Crane shook his head.
"Then you, Your Cognizance. When your followers have installed you as Caldé, it could prove a most useful thing to know."
"I'll never be Caldé," Silk told him, "and I have never wished to be." He accepted the almost weightless grid, and stared at its fluid lines. "This is what lets a flier fly? This shape?"
Lemur nodded. "With the material from which it's made. Tarsier's analyzing that. When you broke into Blood's villa Phaesday night-I know all about that, you see. When you broke in, didn't you wonder why Crane's city had sent him to watch Blood?"

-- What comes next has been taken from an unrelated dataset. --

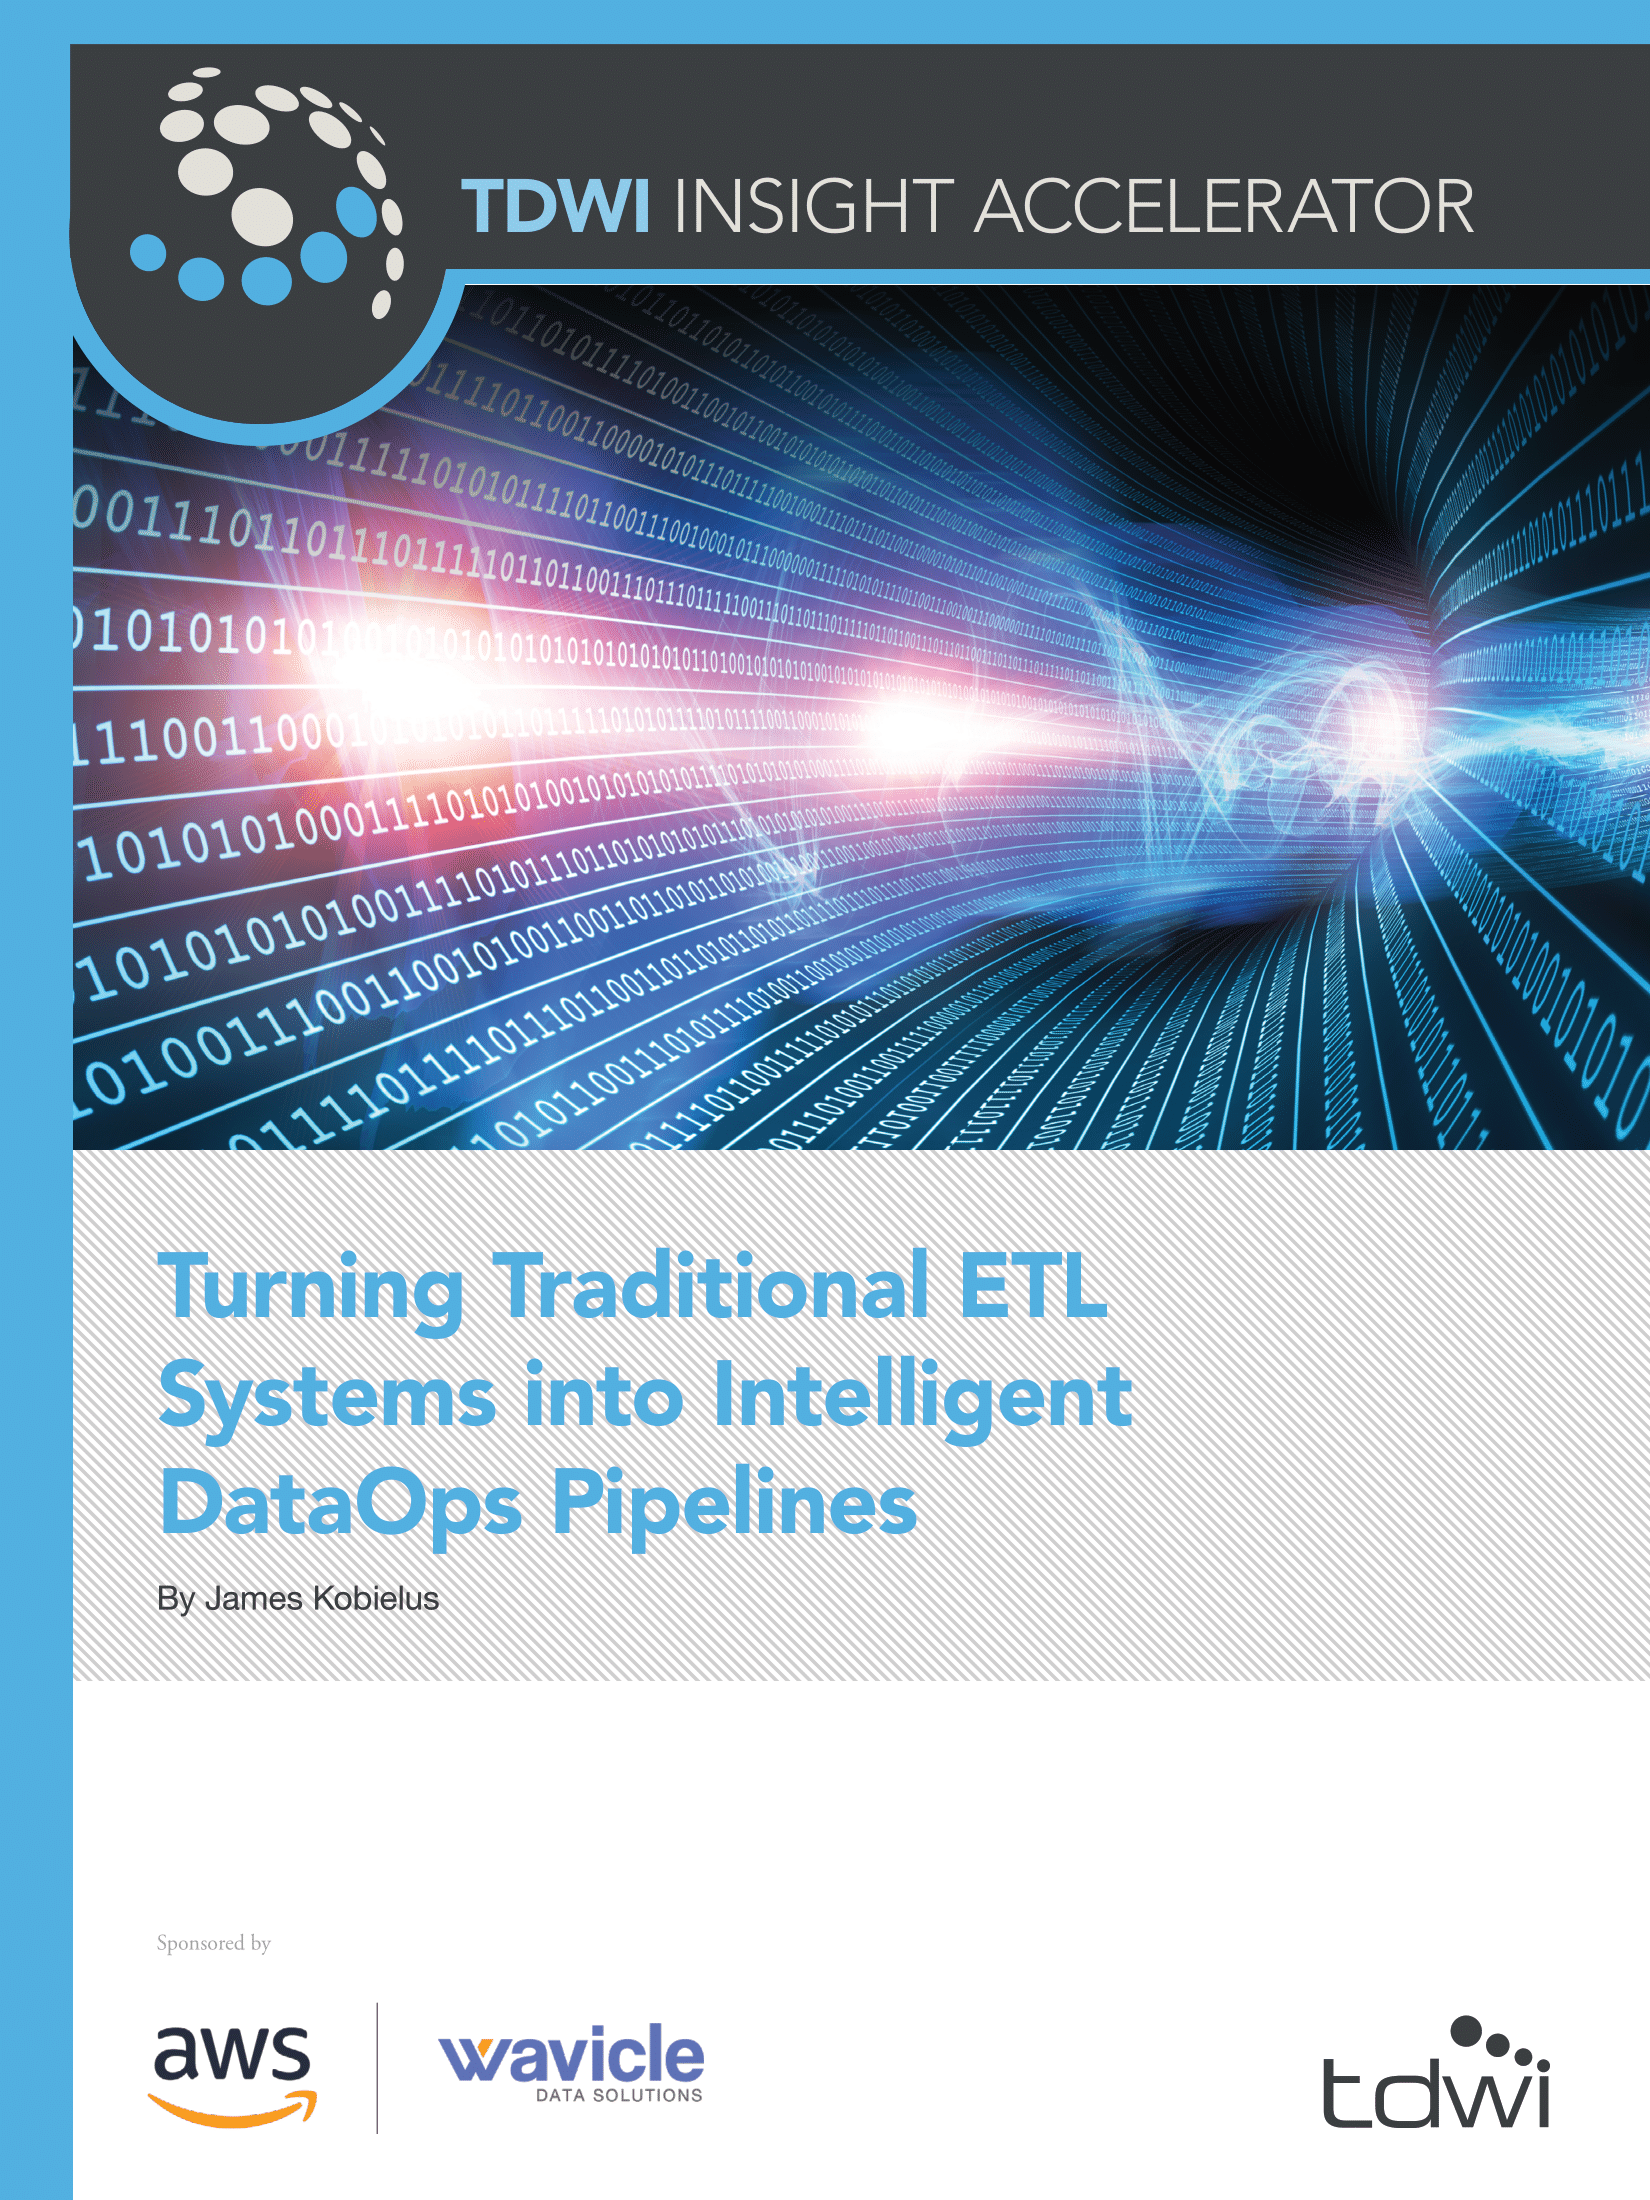 TDWI Insight Accelerator _ Turning Traditional ETL Systems into Intelligent DataOps Pipelines-1

"I didn't realize he was a spy then," Silk explained. He put down the grid and fingered the swelling that Potto's fist had left on the side of his head. He felt weak and a little dizzy.
"To keep his masters appraised of Blood's progress with the eagle," Lemur told him. "More than twenty-five years ago, I realized the possibilities of flight. I saw that if our troopers could fly as fliers did, enemy troop movements would be revealed at once, that picked bodies of men could land behind an enemy's lines to disrupt communications, and all the rest of it. As soon as I was free to act, I backed various experimenters whose work appeared promising. None developed a device capable of carrying a child, much less a trooper."
Recalling Hammerstone, Silk asked, "Why not a soldier?"
Crane grunted. "They're too heavy. Lemur there weighs four times as much as you and me together."